Tag: corpus linguistics


27

Aug 2010

Jukuu is interesting

Sinosplice reader Matthew recently introduced me to Jukuu, a database of sample sentences. The Chinese name, 句酷, is a pun on the word 句库, meaning “sentence base,” in the naming tradition of nciku). There are some really interesting things going on on Jukuu. Here’s a screenshot from the results for a search for “get”:

Jukuu search results for "get"

I enjoyed some of those random sentences. Some things worth noting:

– The sample sentences in the screenshot above are all taken from About Face 3, a well-known book on goal-directed design, which has been published in multiple languages.
– Jukuu offers not only multiple translations (grouped by part of speech), but also the distribution of those various parts of speech in its database (that’s what the pie graph at the right represents).
– Jukuu also offers other word forms (词形) for “get” (in this case, “gets,” “getting,” “got,” “gotten,” and even “getable”).
– If you click on one of the translations in the top right, the resulting page shows you sentences with just that translation of “get” (for example, this one for 得到).
– You can get similar results without going the “exact translation route” by just searching for multiple words, in a mix of English and Chinese. (The sentences aren’t censored, either. Have fun with that!)
– If you go to the “get” results page, further down the right column, you also see links for “adjectives frequently preceding this word,” “verbs frequently preceding this word,” “prepositions frequently preceding this word,” and “nouns frequently following this word.”

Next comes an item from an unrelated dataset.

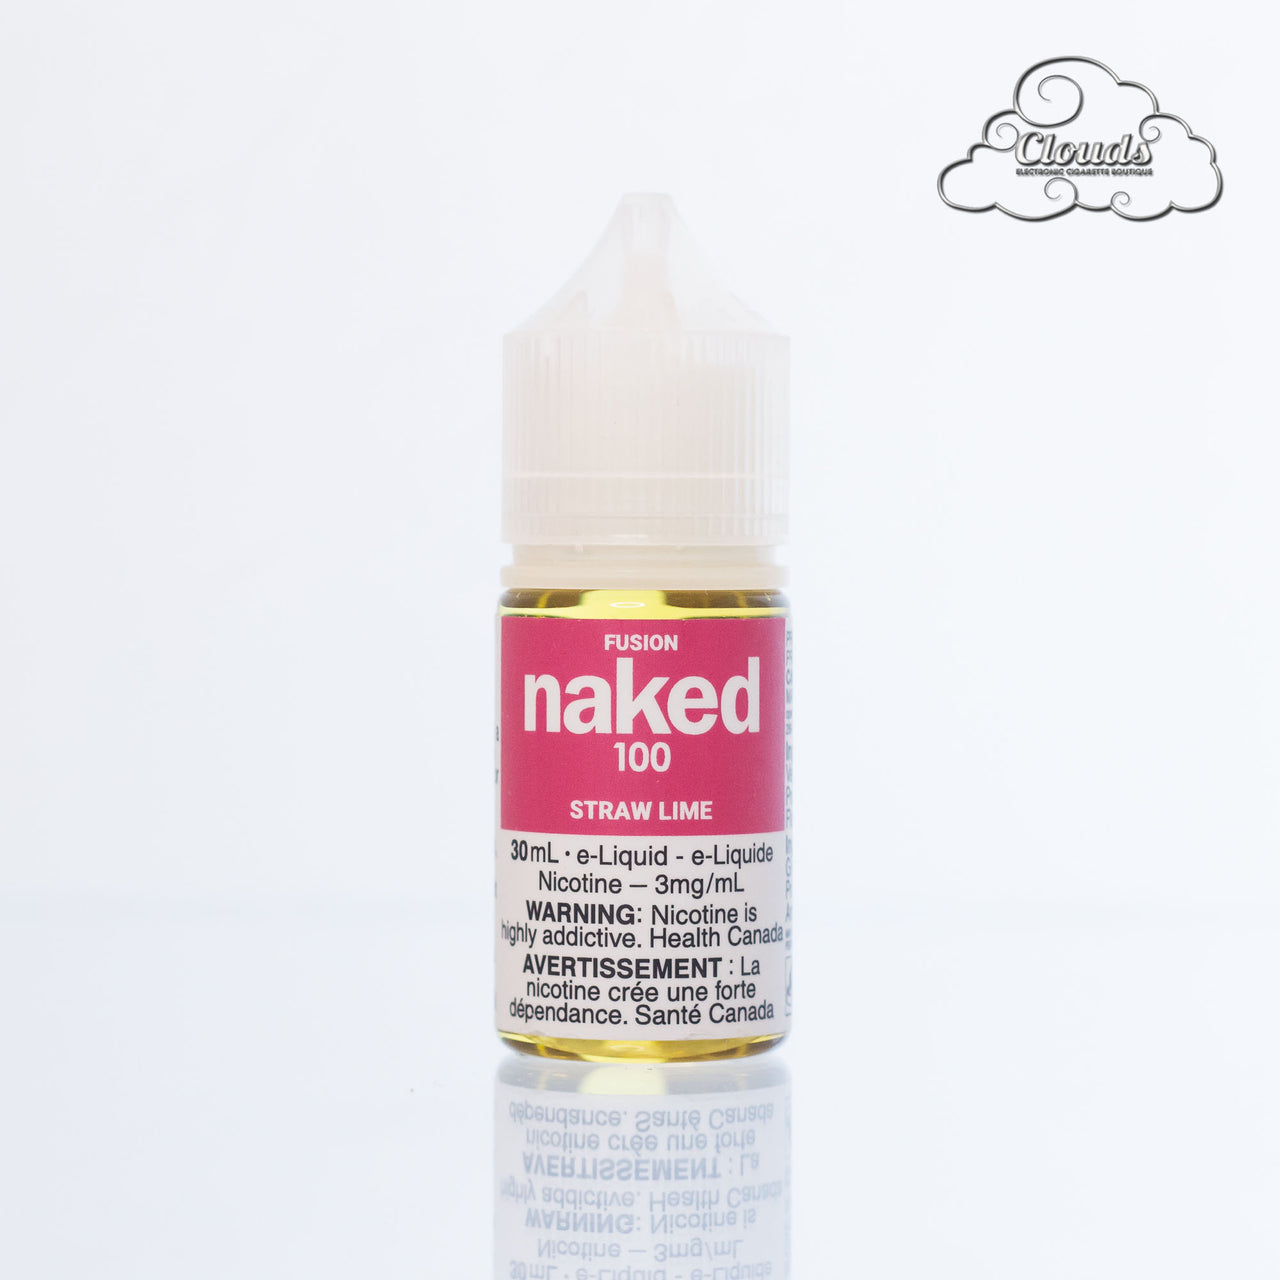 Naked 100 Straw Lime

This kind of thing is a linguist’s dream, and can only be accomplished by corpus analysis with part of speech tagging, which is a ton of work. It’s really cool to see a resource like this publicly available online.


29

Jul 2010

Randy and the Half-Life of Irregular Verbs

Last night I met up with Randy Alexander of Sinoglot, Yuwen, and Echoes of Manchu for dinner and imported beers. We had a great chat, with topics ranging from English and Chinese linguistics, to sci-fi and (evil genius) Joel Martinsen, to the Sinoglot crew and how they tricked Randy into learning Manchu.

We started talking about some of our favorite linguistics articles, on Language Log or elsewhere, and I brought up the one about the half-life of irregular verbs in English. I wanted to send Randy a link, but I was dismayed to discover that the original article by Harvard University mathematician Erez Lieberman is now behind a pay wall. All you can find are articles linking to what was once a freely accessible article.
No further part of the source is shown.